* [Your instructions] Write the data out again exactly, with no pictures.
──────────────────────────────
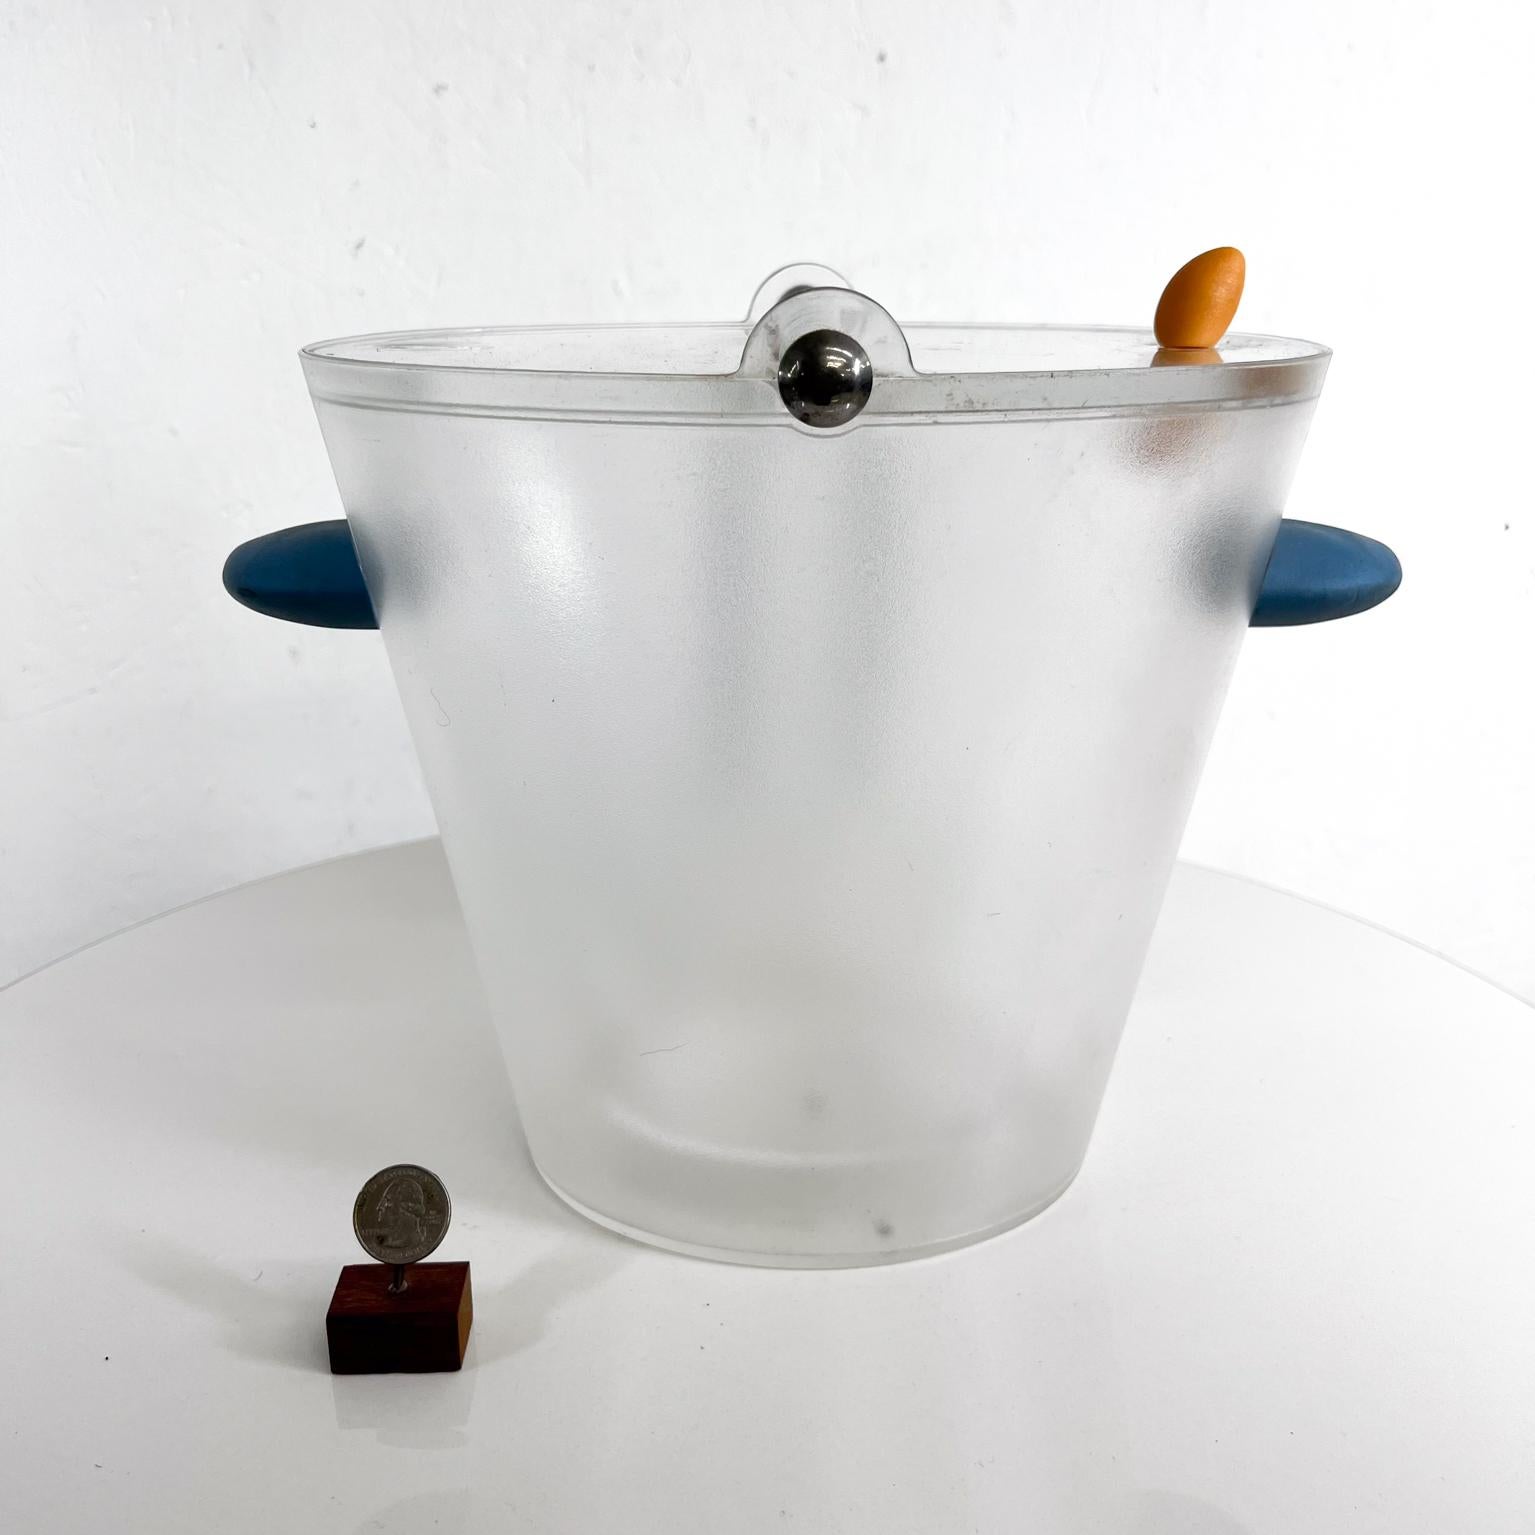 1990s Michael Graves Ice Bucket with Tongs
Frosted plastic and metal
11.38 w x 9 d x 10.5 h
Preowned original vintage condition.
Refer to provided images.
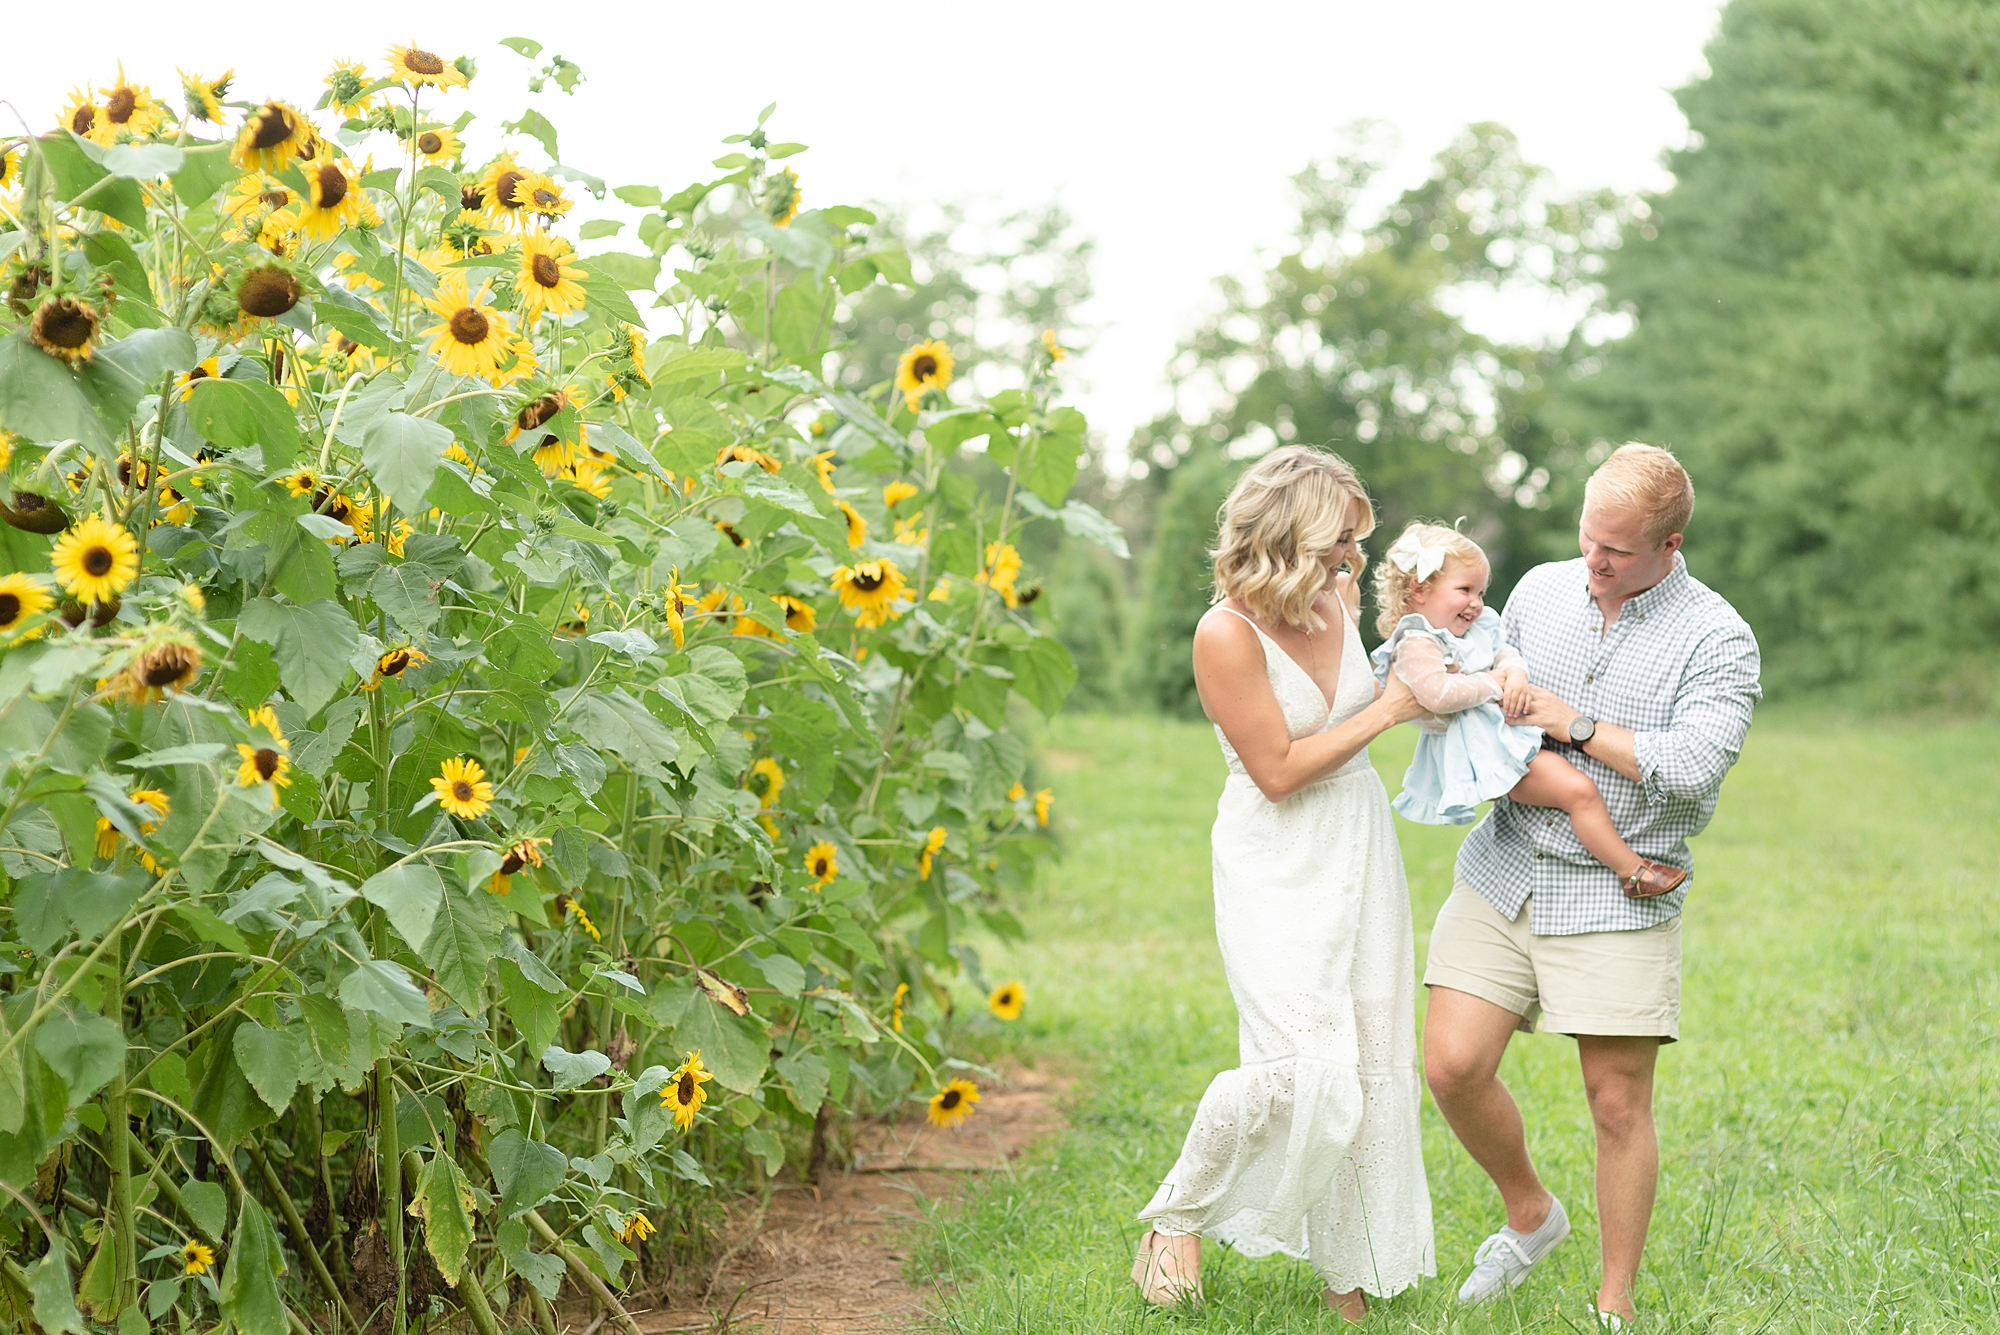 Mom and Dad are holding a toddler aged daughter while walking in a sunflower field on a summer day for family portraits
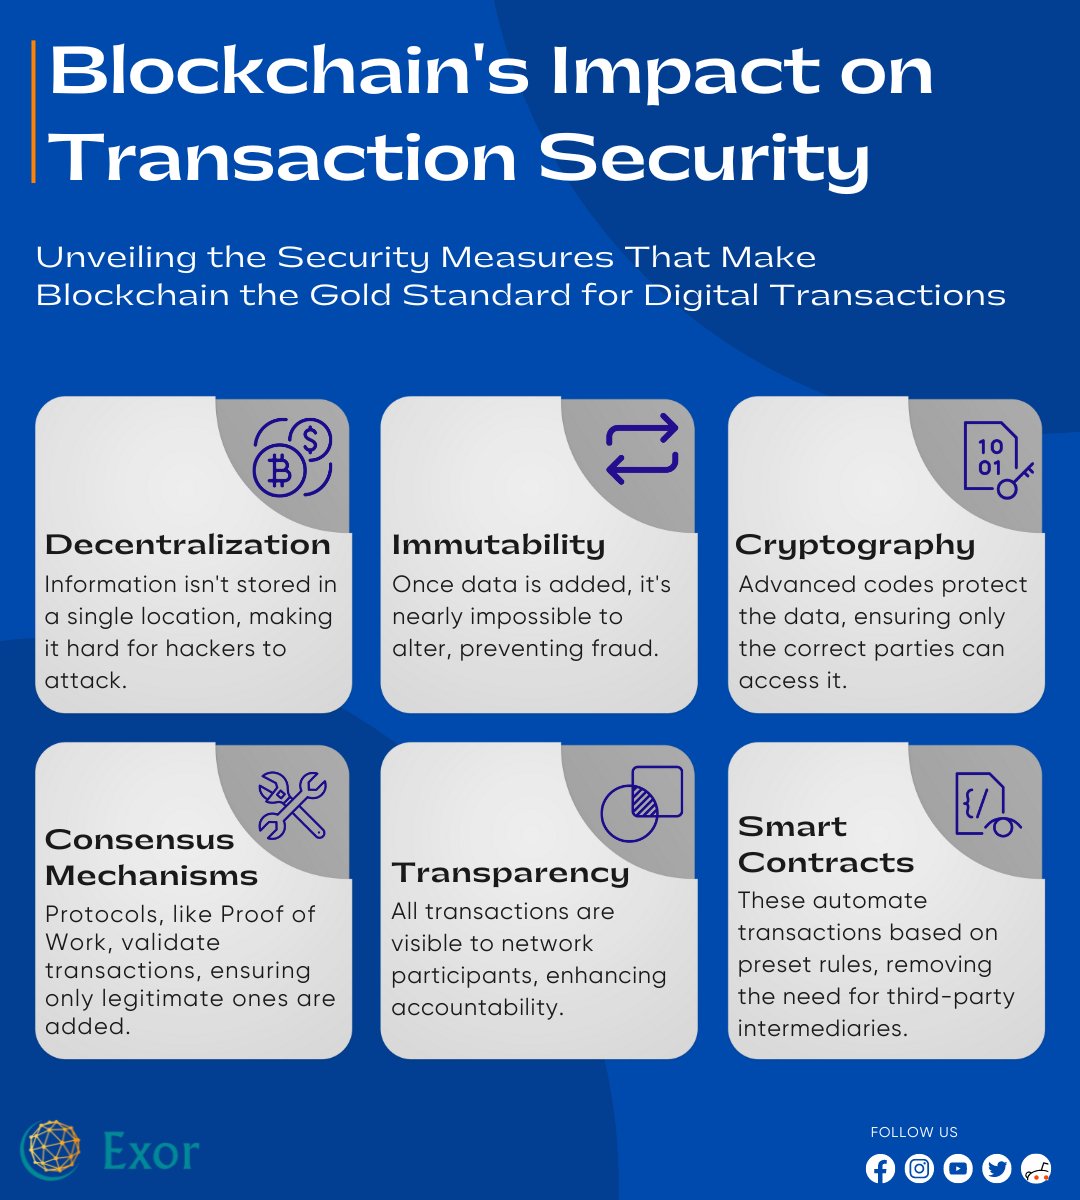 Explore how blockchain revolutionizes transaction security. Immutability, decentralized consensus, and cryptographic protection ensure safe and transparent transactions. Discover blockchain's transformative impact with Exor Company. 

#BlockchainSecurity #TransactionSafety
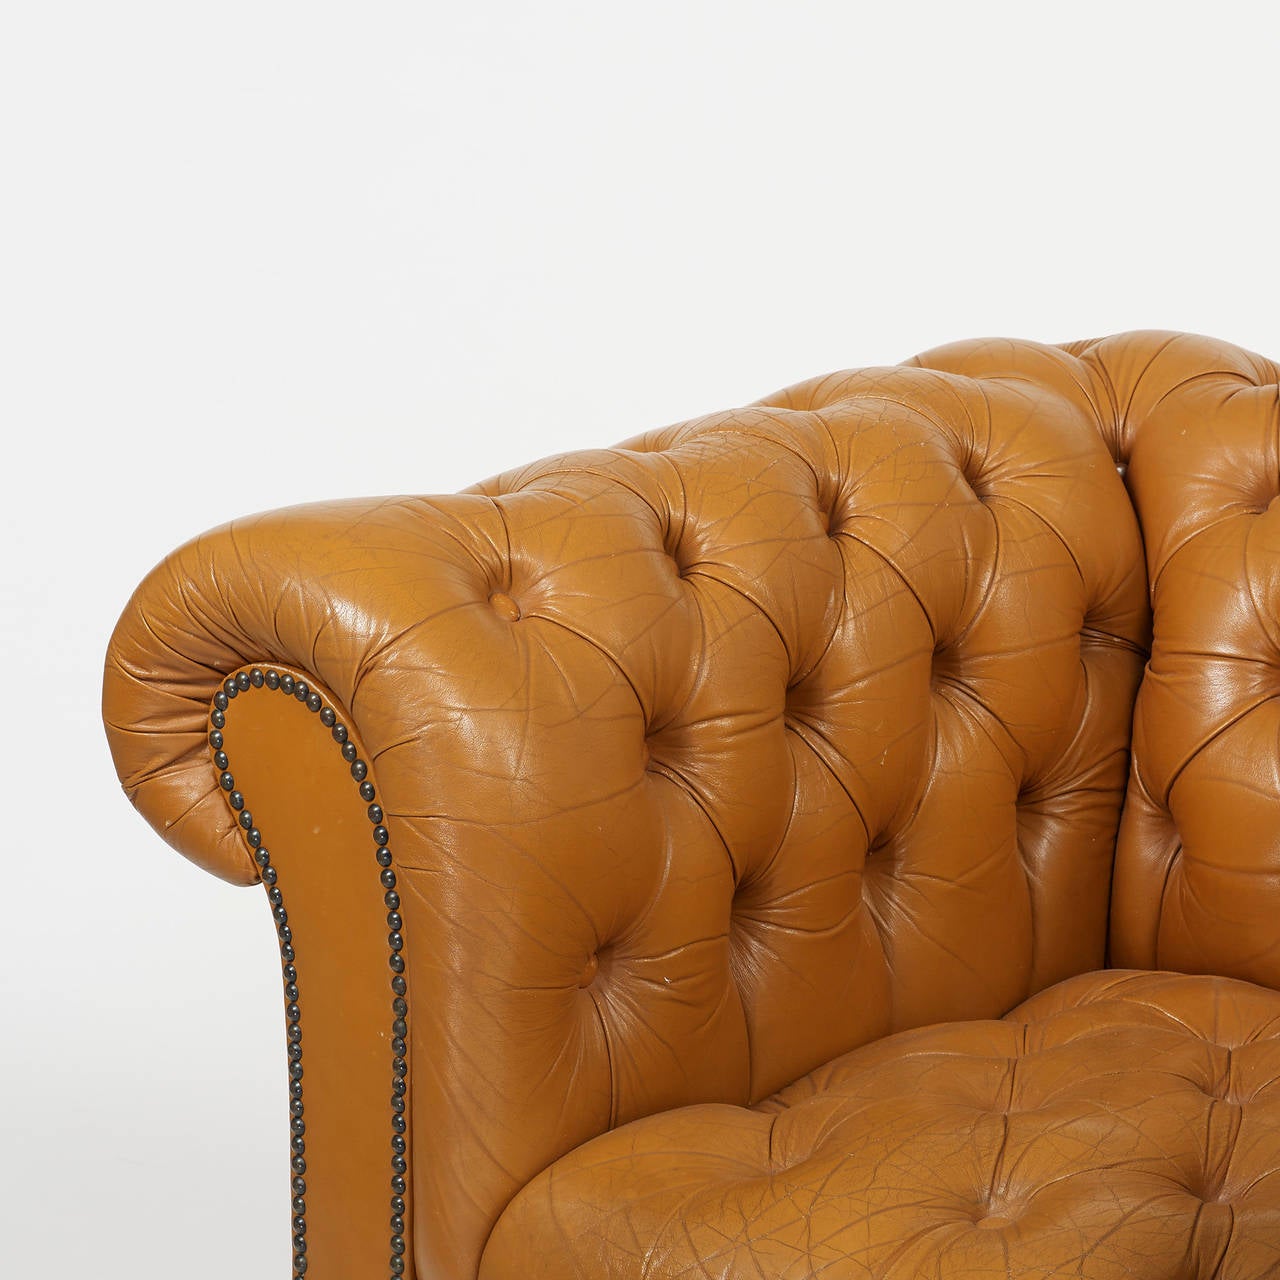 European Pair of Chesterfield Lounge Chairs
──────────────────────────────
* [Output for this exercise]
 1990s Michael Graves Ice Bucket with Tongs
Frosted plastic and metal
11.38 w x 9 d x 10.5 h
Preowned original vintage condition.
Refer to provided images.
 Mom and Dad are holding a toddler aged daughter while walking in a sunflower field on a summer day for family portraits
 Explore how blockchain revolutionizes transaction security. Immutability, decentralized consensus, and cryptographic protection ensure safe and transparent transactions. Discover blockchain's transformative impact with Exor Company. 

#BlockchainSecurity #TransactionSafety
 European Pair of Chesterfield Lounge Chairs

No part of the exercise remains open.